Recommended for: Uninspired Historians
Read in December, 2007

This book's main endeavor is to flesh out what is, apparently, the nascent field of 'Big Picture' research in history. That 'Big Picture' sense of history is mostly very large scale trends and very little attention to individuals. Which would hardly qualify as new if your family with the dialecticians and their ilk (Hegel, Marx, my grandmother) with their insistence on predictable progress, goal minded evolution, and over-arching narrative.

This is actually this first issue we encounter in the book. Cosmology, by another name, is this weaving of interpreting meaning on what we observe - or for the post-modern - it is the meta-narrative of our world.

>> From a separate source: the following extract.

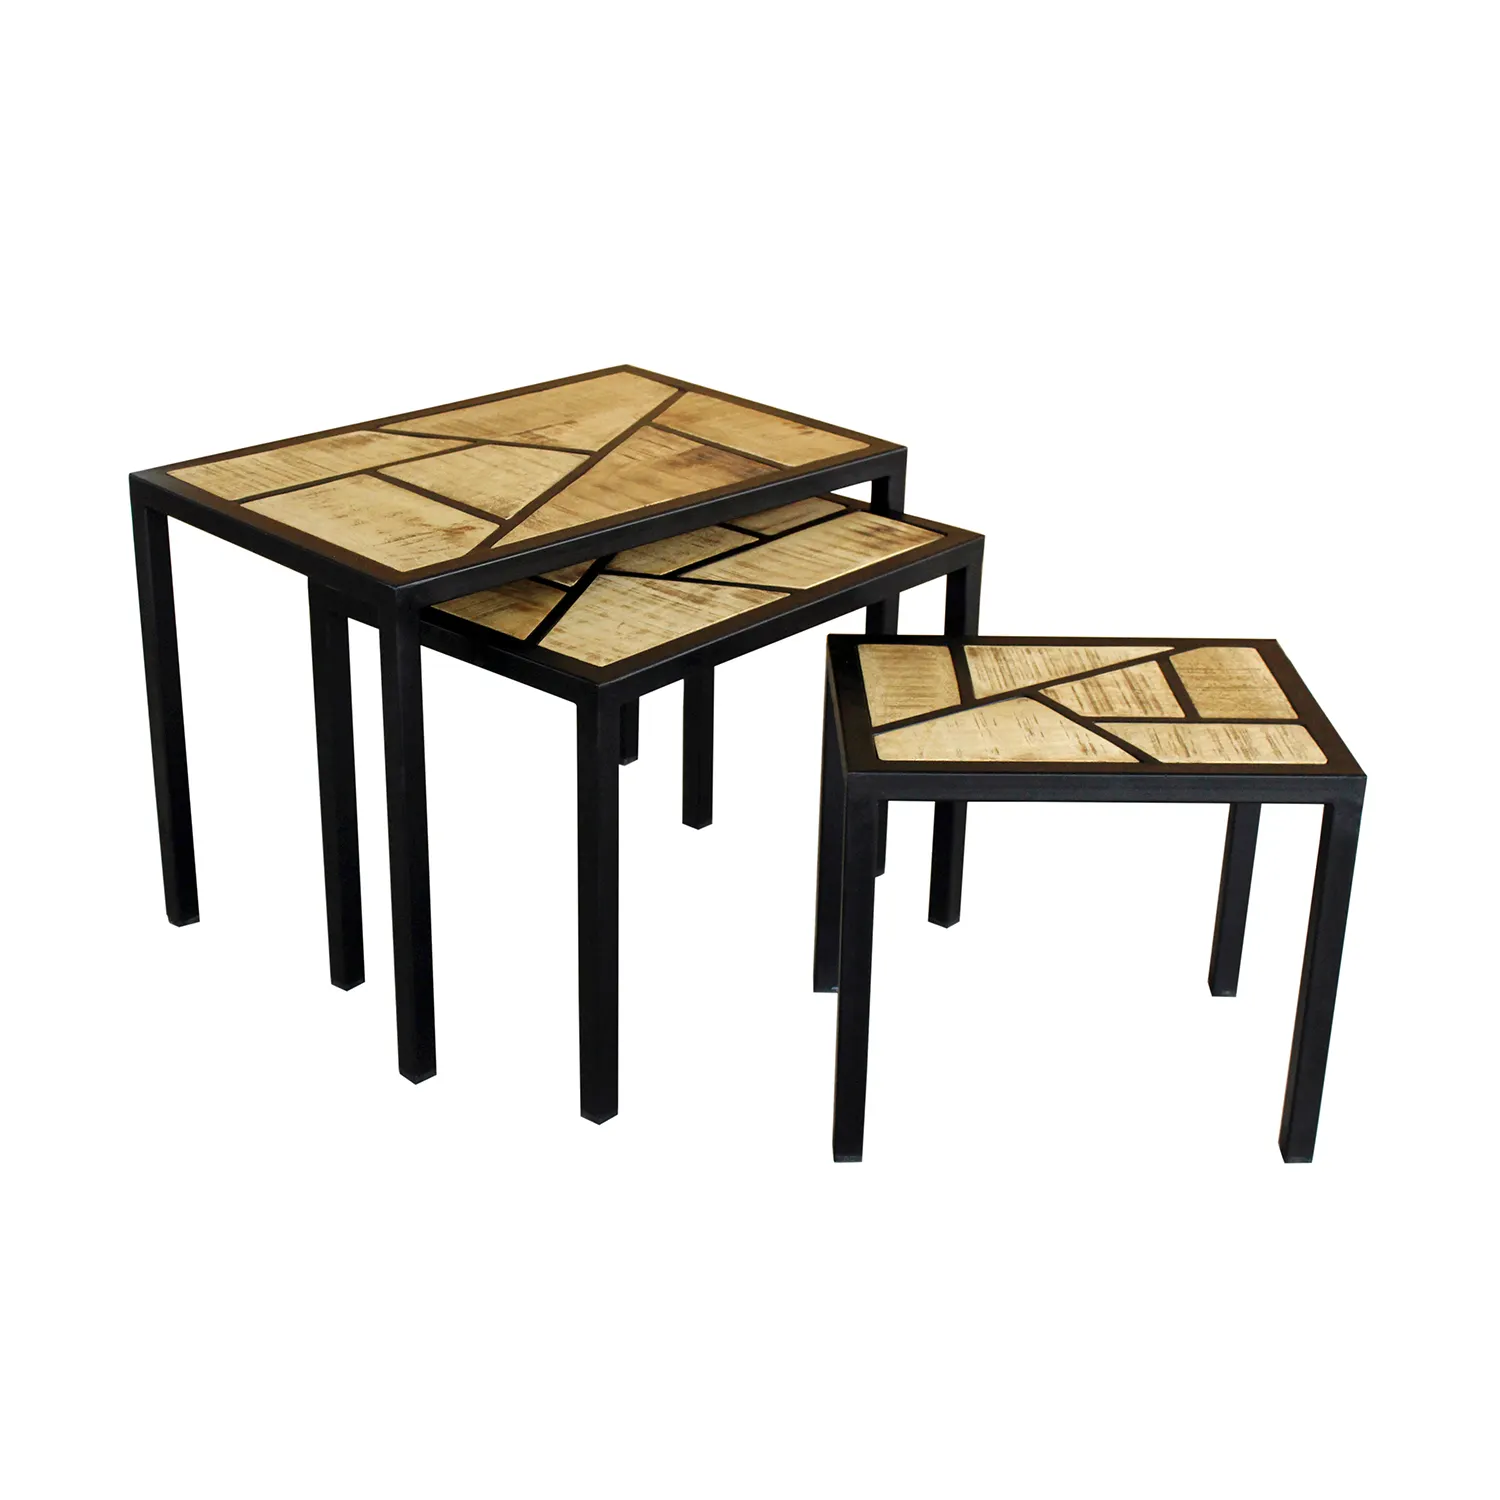 망고 나무 금속 중첩 테이블 새로운 디자인 산업 금속 나무 둥지 테이블 홈 새로운 세트 세 사이드 테이블

That the author embraces this tactic but also maintains his insistence that it his undertaking is different from these predecessors is entertaining if not altogether convincing. But, unlike most, he is forthright in his interpretations and knowingly unconvinced in their purported completeness.

The book really begins at the dawn of space and time at the moment of the universes birth, and quickly we spin through the cosmological portions of physics from the inflation to the birth of solar systems, planets, geological bits about continent formation, and finally the birth of life. Moral of this story is that dumb physical processes can produce complexity by the selection of structures that can handle larger and larger levels of energy.

Now I don't want to dismiss the rest of the book but the meta-narrative of this first portion was really quite my favorite. That complex forms are part of a energy-management gradient of existence with the later complexities building of the energy management techniques of their predecessors is really a neat idea, and definitely a good bit to read if you are in the mood for something like that.

The rest of the book tolls off the processes of biome formation, the diversification of life, the rise of the hominids, man, and civilization going into details about the possible reasons that certain trends emerged and certain contingencies occurred. While some bits of this were rather breathless the moral of complexity arising by further energy extraction and management systems still holds, the author - notably - goes to great lengths to prove this out in several cases. The general push of the argument is rather agreeable to me so I found it quite convincing.

For it's closing "Maps of Time" takes into account the future and draws from our current momentum and knowledge a projection of near, middle, and long term possible futures. This is bleak and tragic stuff - not that it is made melodramatic or histrionic by the author - it's just that we've got a bit of work to do if we're going to be doing well for ourselves and our world. And also there is the eventual death of the Universe itself, which is a bit depressing really.

In closing this is a great book - some parts need improvement but the author is able enough for the task at hand and the subject matter makes for a good meta-narrative. I would advise anyone who is into the big picture to consider checking it out.